“Please look at ME when I am feeding” Hospital accused of ‘shaming’ new parents

Posted in Newborn.

A new mum has shared an update on Twitter direct from the Special Care Baby Unit (SCBU) where her baby is being cared for and it’s sparked some understandable anger among other parents.

“Makes me sad”

“I’m on SCBU with my 5 day old,” Dr Ash Cottrell wrote. “This poster makes me sad.”

She included a photo of the poster in question. It reads:

Mummy and Daddy …

Please look at ME when I am feeding.
I am much more interesting than your phone.
Thank you.


To some people this may seem reasonable enough. They may assume that parenting involves staring at your child at all times, prioritising that baby over everything else, the parent giving themselves over to parenting entirely.

But guess what? Parenting is such a big job that parents often need to do other things WHILE THEY PARENT. Who knew?!

Support beats shaming

In this case, we’re talking about under-stress parents with unwell babies. These quite rightly stressed-out parents are stuck in the hospital with their precious little people, isolated from family and friends, and all while trying to get used to looking after their new bub.

What can help to ease the isolation, overwhelm and confusion? Making contact with the outside world, chatting to friends, researching what’s going on with their baby, keeping informed about their own mental health, making plans for going home …

(In fact mothers of premature babies are MUCH more likely to suffer postnatal depression.)

So, with all that in mind, how do parents do all that when they are spending long days and nights in hospital waiting for their child to be well enough for discharge? By sometimes using their phones, people!

A culture of compassion?

This poster, however well-intentioned, ignores the nuanced reality of being a parent, instead judging mums and dads.

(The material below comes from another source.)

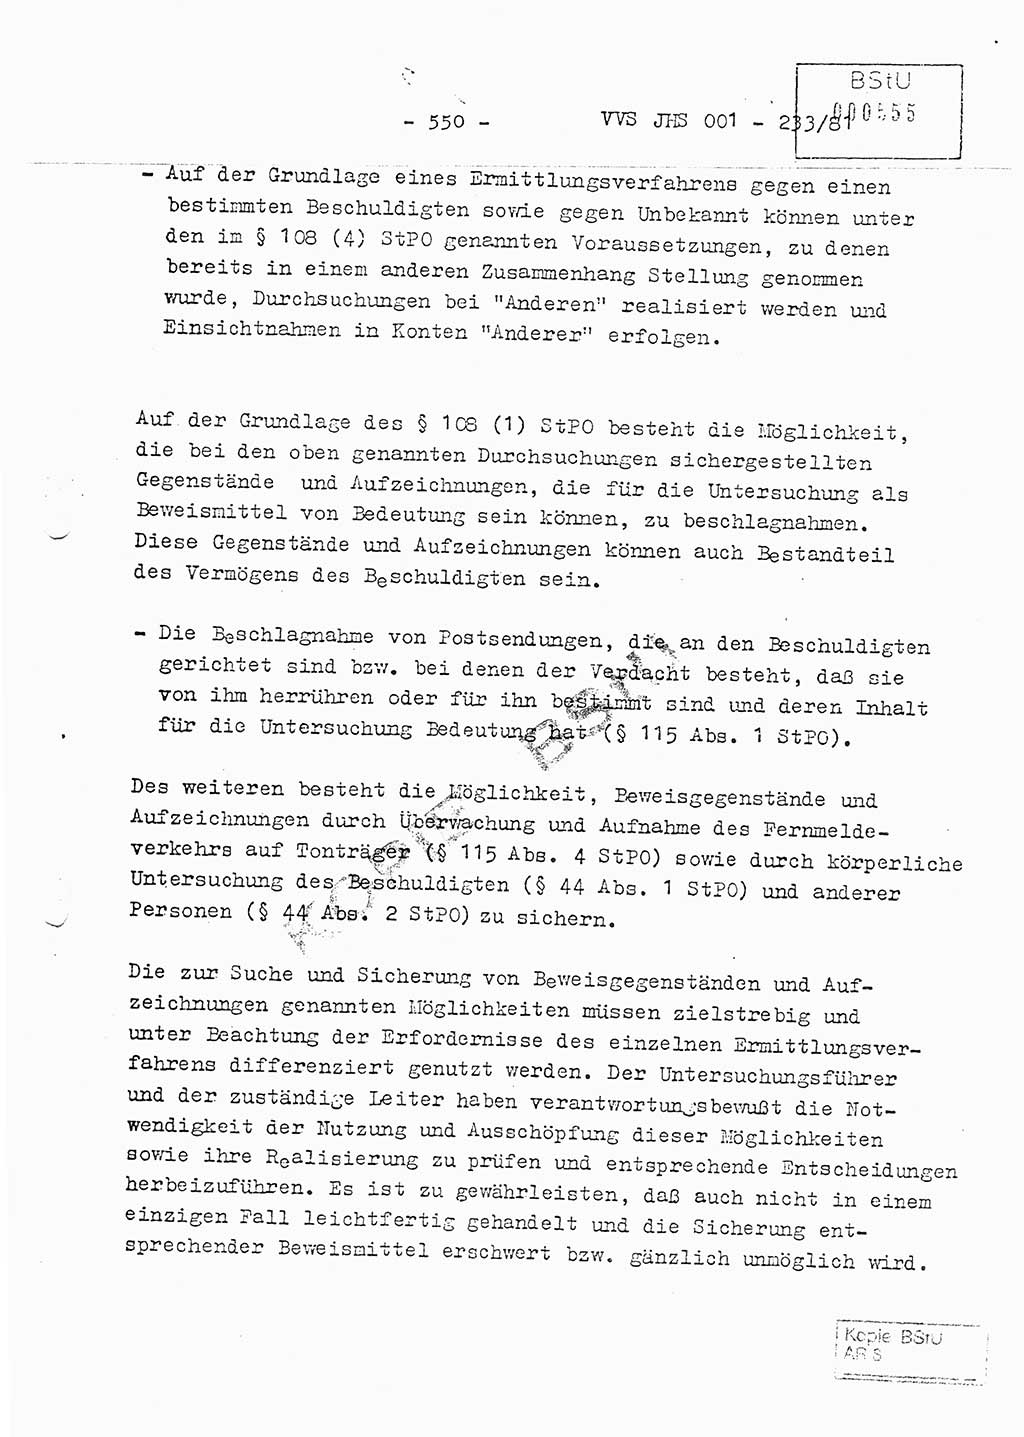 Dissertation Oberstleutnant Horst Zank (JHS), Oberstleutnant Dr. Karl-Heinz Knoblauch (JHS), Oberstleutnant Gustav-Adolf Kowalewski (HA Ⅸ), Oberstleutnant Wolfgang Plötner (HA Ⅸ), Ministerium für Staatssicherheit (MfS) [Deutsche Demokratische Republik (DDR)], Juristische Hochschule (JHS), Vertrauliche Verschlußsache (VVS) o001-233/81, Potsdam 1981, Blatt 550 (Diss. MfS DDR JHS VVS o001-233/81 1981, Bl. 550)

To add insult to injury it’s been whacked up in the special care unit, a place where parents as well as babies need support and understanding.

It’s hardly going to engender confidence in the parents who are spending time in the unit and may even discourage new mums and dads from seeking the advice and support they really need.

People on Twitter were upset about this poster too.

“What is this thing that we have to find our children ‘interesting’ at *all times*?!” one wrote. “I love the bones of mine, but frankly they are sometimes quite far from scintillating – and esp when infants. You’ve had a baby, not a lobotomy. You’re allowed to still be you & scroll sometimes.”

“Gosh, that is so wrong of them to suggest it’s ‘bad parenting.” another Twitter user posted. “Phones are a lifeline to well wishes, normality and so much more when you have a newborn / are in hospital. Wishing you well.”

“Yea babies are much more interesting than our phones but we also need advice or support or connect with other people when feeling very lonely in hospital,” someone else pointed out. “Babies are super cute but not great conversationalists and the middle of the night can feel very overwhelming.”

“Oh no! Awful poster,” yet another parent posted. “I was in SCBU with a five day old and my phone was a lifeline. I was isolated and frightened (we’d been readmitted) and my phone meant I could stay in touch with people and read up on what had happened to us.”

Sound familiar?

This poster is reminiscent of the 2019 Leunig cartoon which, quite rightly, raised similar ire and sparked a national debate in Australia.

“In the offending cartoon I drew a mother with her eyes glued to a phone and wheeling a pram from which her baby had fallen completely unnoticed,” Leunig later explained in a piece for The Age.

“The child lies abandoned on the footpath behind mother, wishing that he was as interesting as her phone. Black humour indeed but making a worthy point about the perils and disasters of the phone addiction which is spreading across the world like a plague.”

But lots of people called it out for what it was. Not black humour, but rather an attack on mothers.

“For men like Leunig once women become mothers all they’re supposed to do is stare adoringly at their child 24/7,” commentator Jane Caro said, echoing the words of the mums above.

“I bet you never spent hours walking babies around in a pram, feeling isolated and alone and terrified,” author Clementine Ford wrote in a tweet response to Leunig.

It seems that — sadly — this conversation is going to be on repeat for quite some time.